REQUIRED WORK> All of the data should be reproduced word for word, though its pictures must be omitted.

::: GIVEN MATERIAL

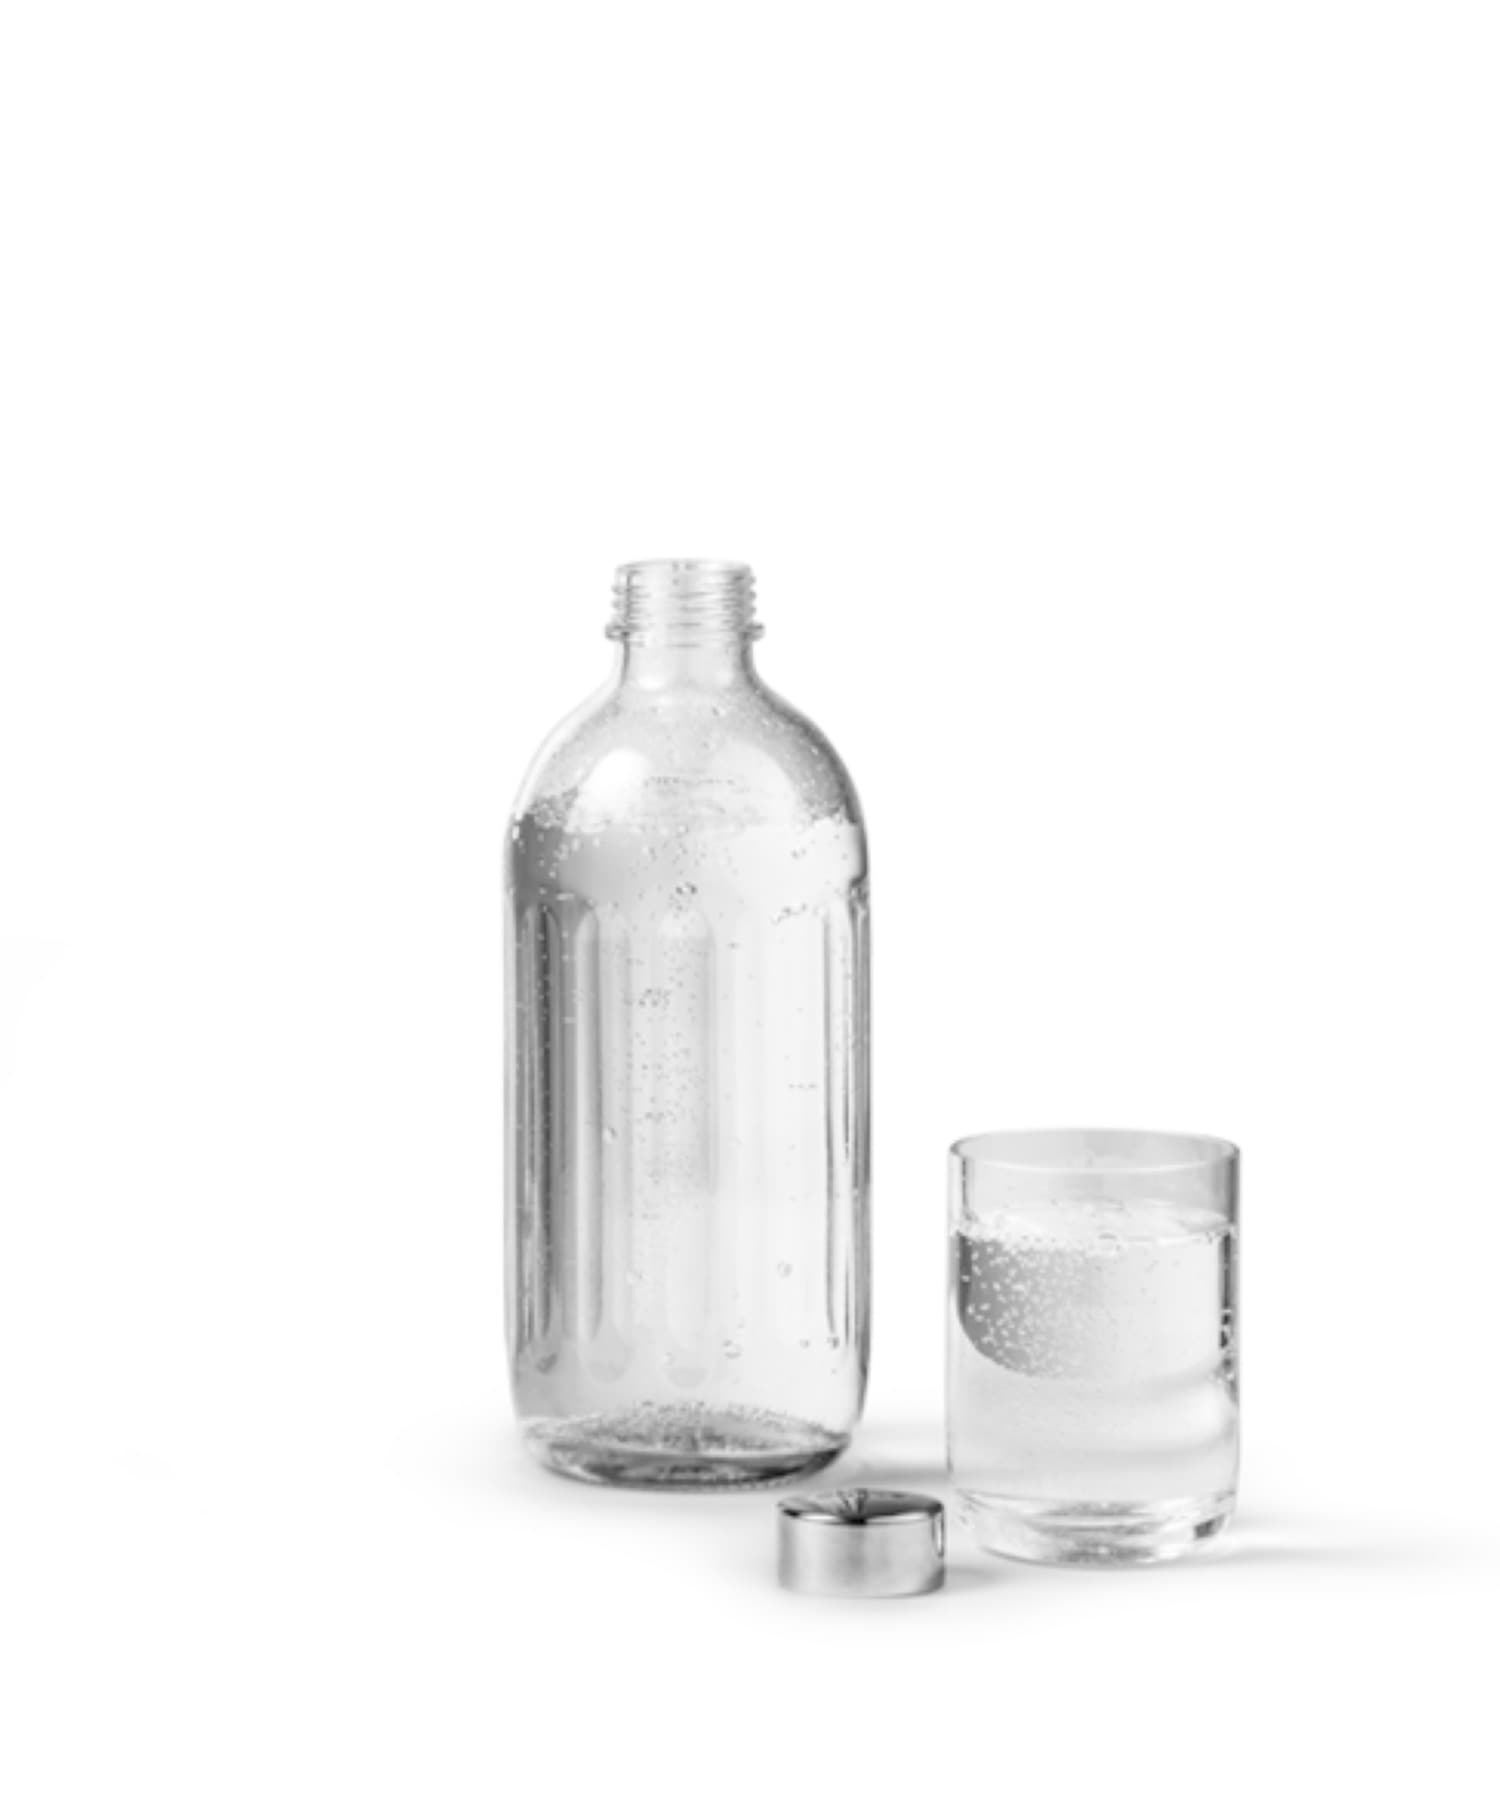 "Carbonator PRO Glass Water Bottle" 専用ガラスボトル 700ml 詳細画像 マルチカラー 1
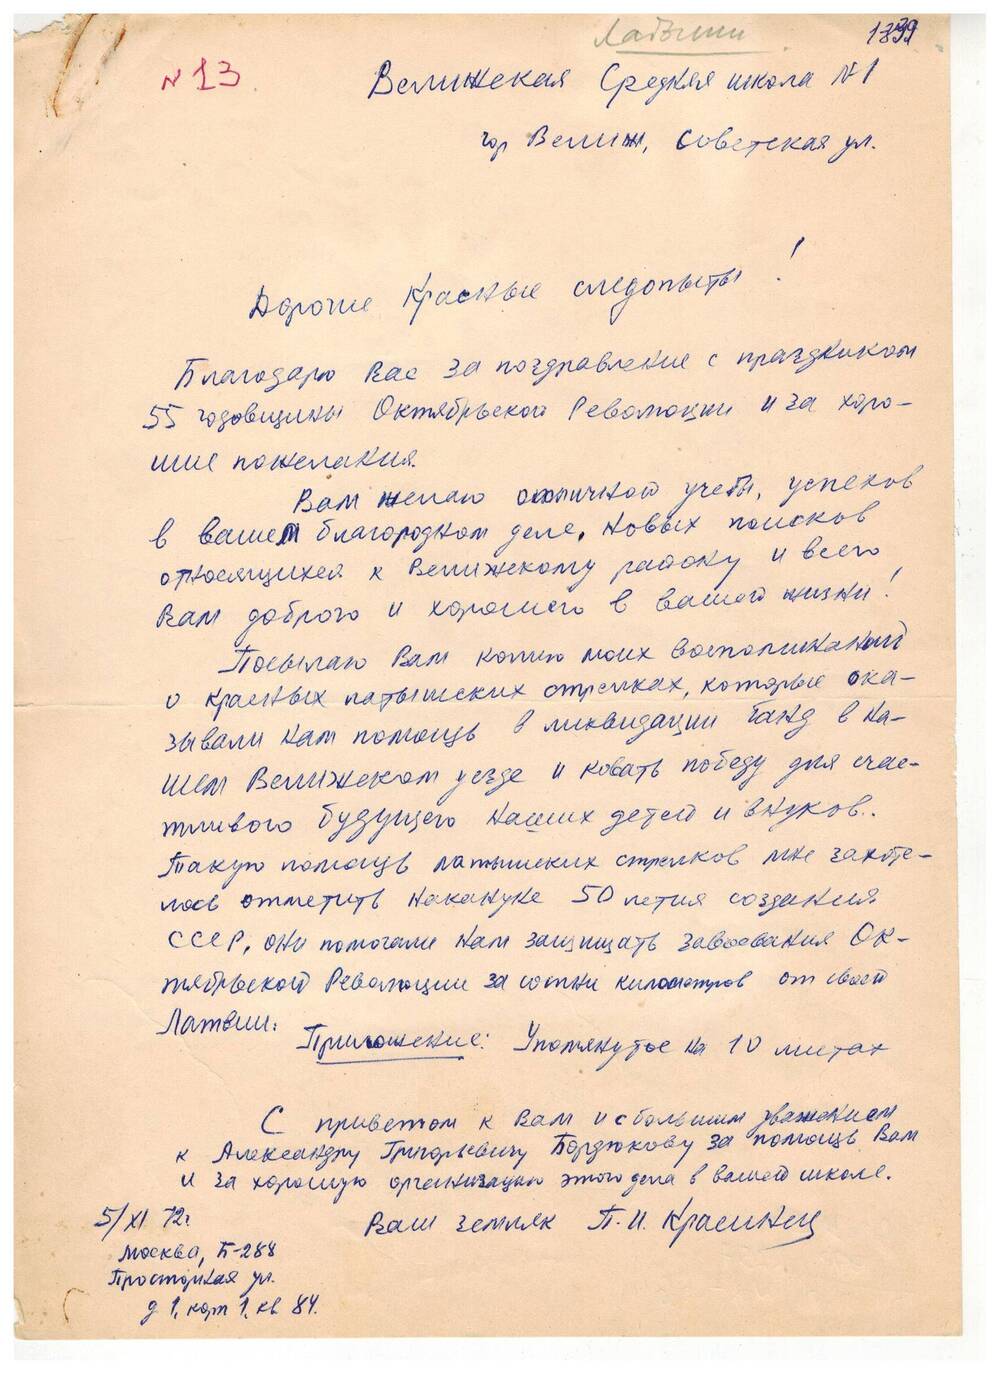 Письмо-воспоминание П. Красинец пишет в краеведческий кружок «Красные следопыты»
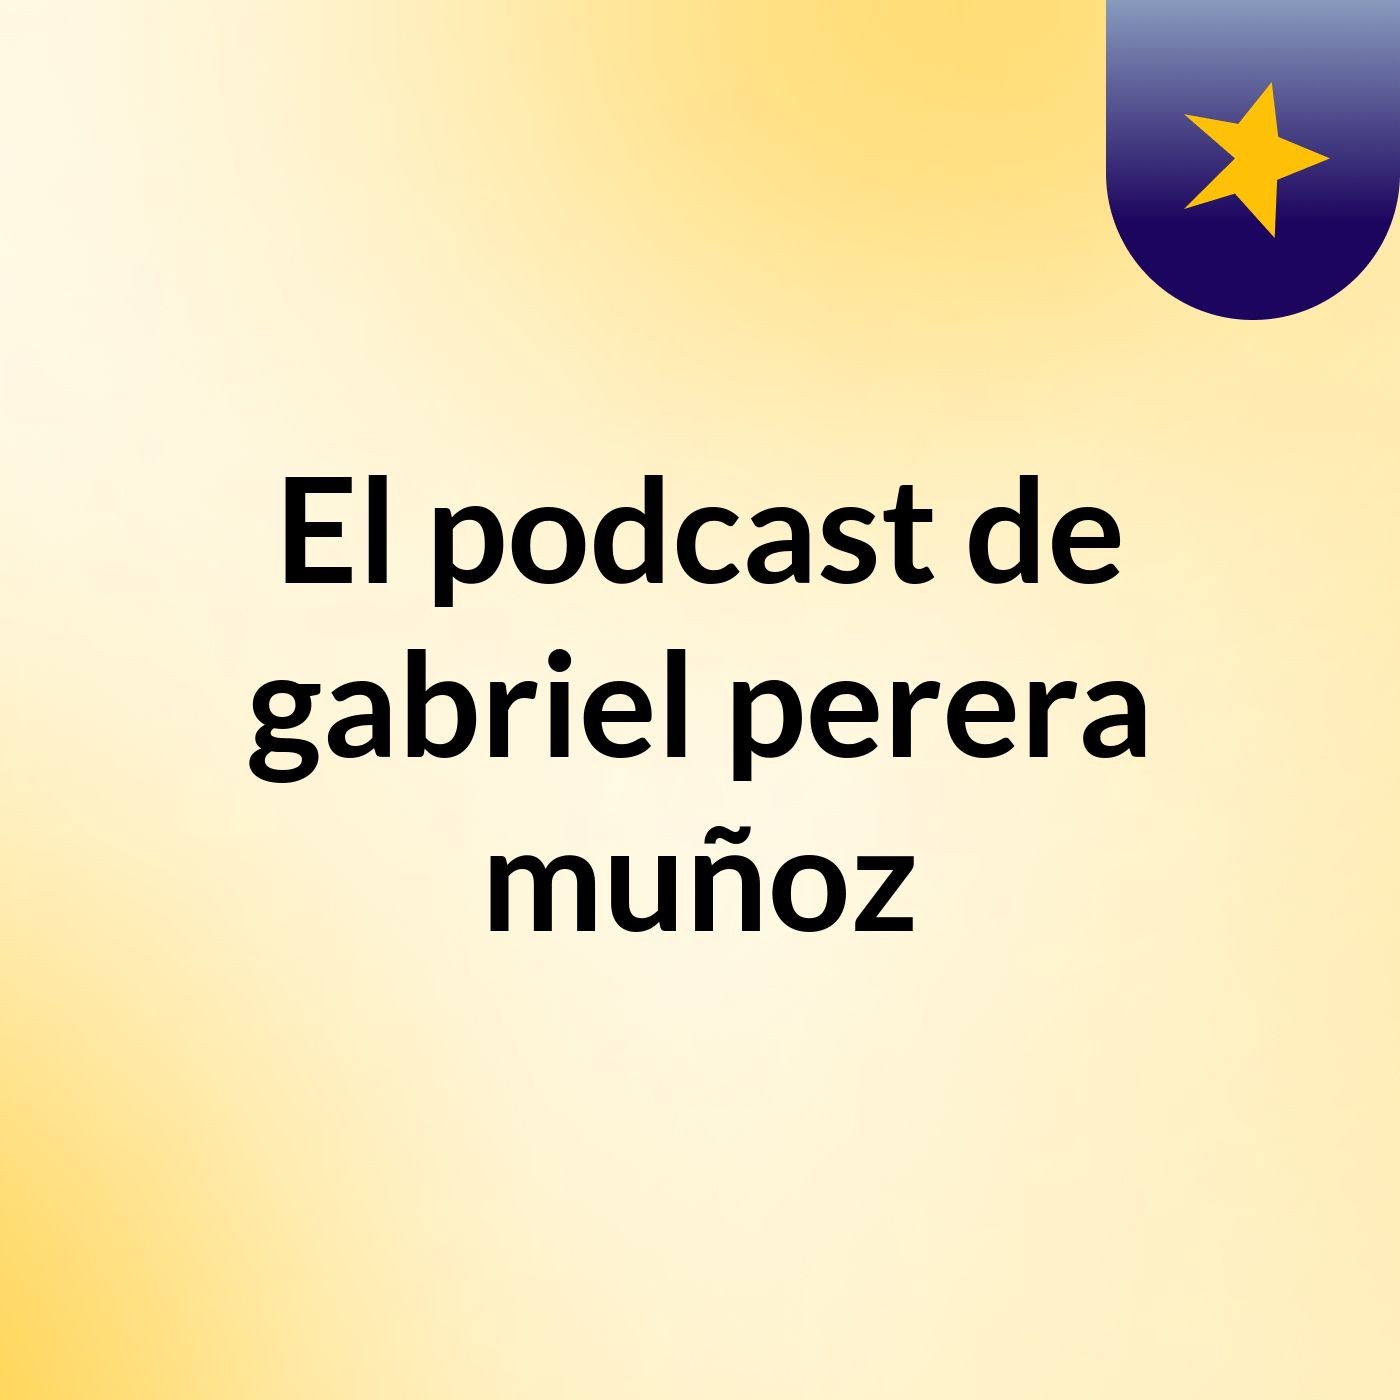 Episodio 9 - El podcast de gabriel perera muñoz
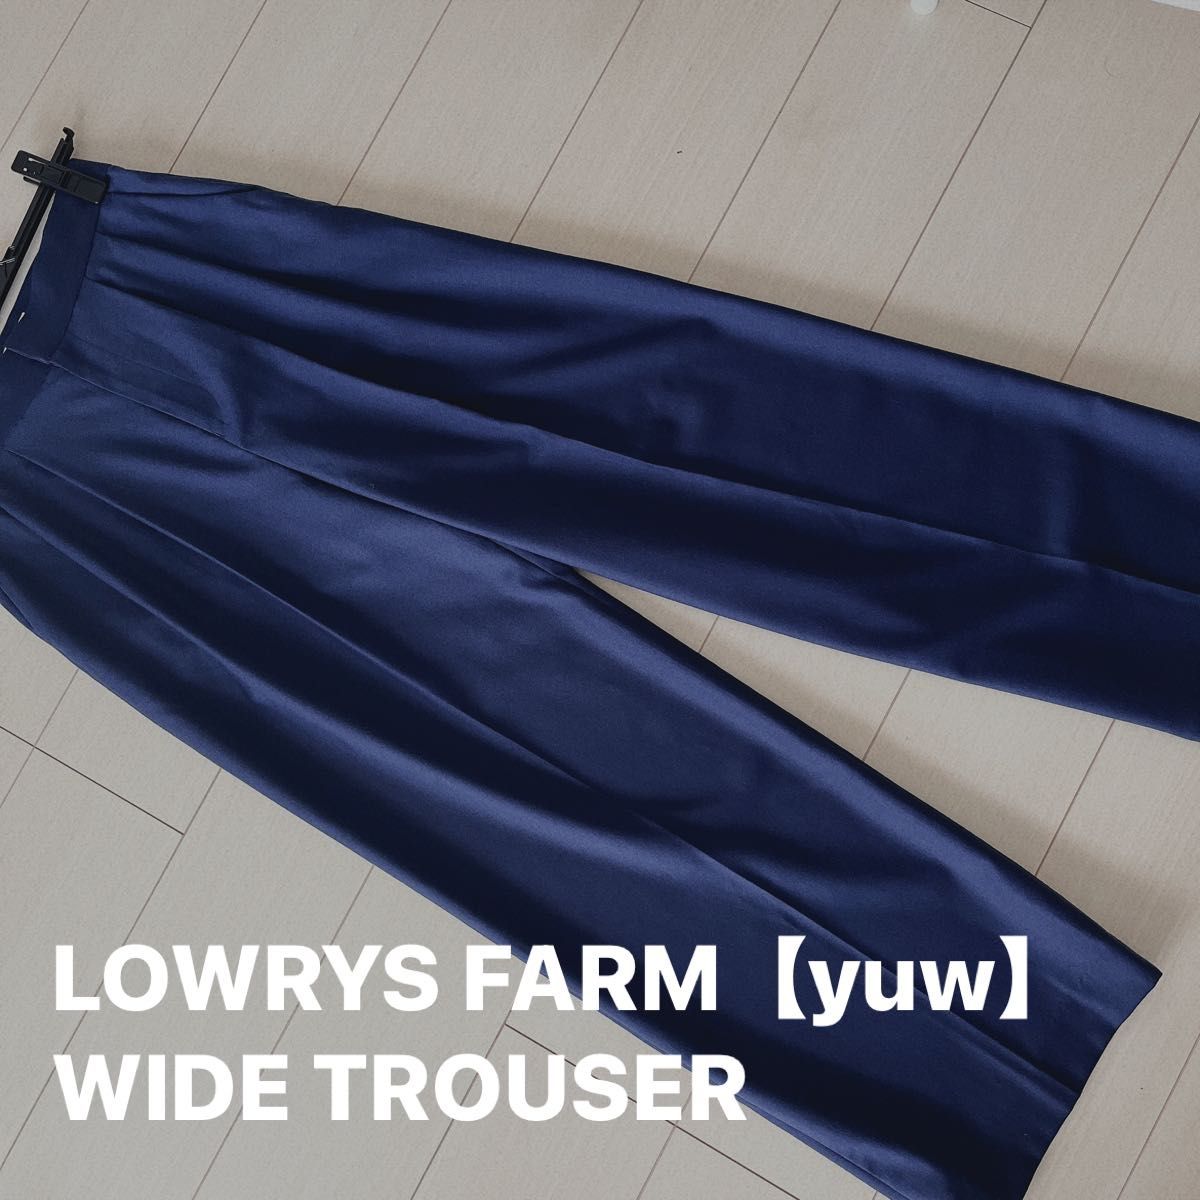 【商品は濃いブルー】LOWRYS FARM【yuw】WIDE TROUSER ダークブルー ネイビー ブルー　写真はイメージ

::::::

TASK OUTPUT>
 "Carbonator PRO Glass Water Bottle" 専用ガラスボトル 700ml 詳細画像 マルチカラー 1
 Письмо-воспоминание П. Красинец пишет в краеведческий кружок «Красные следопыты»
 Episodio 9 - El podcast de gabriel perera muñoz
 【商品は濃いブルー】LOWRYS FARM【yuw】WIDE TROUSER ダークブルー ネイビー ブルー　写真はイメージ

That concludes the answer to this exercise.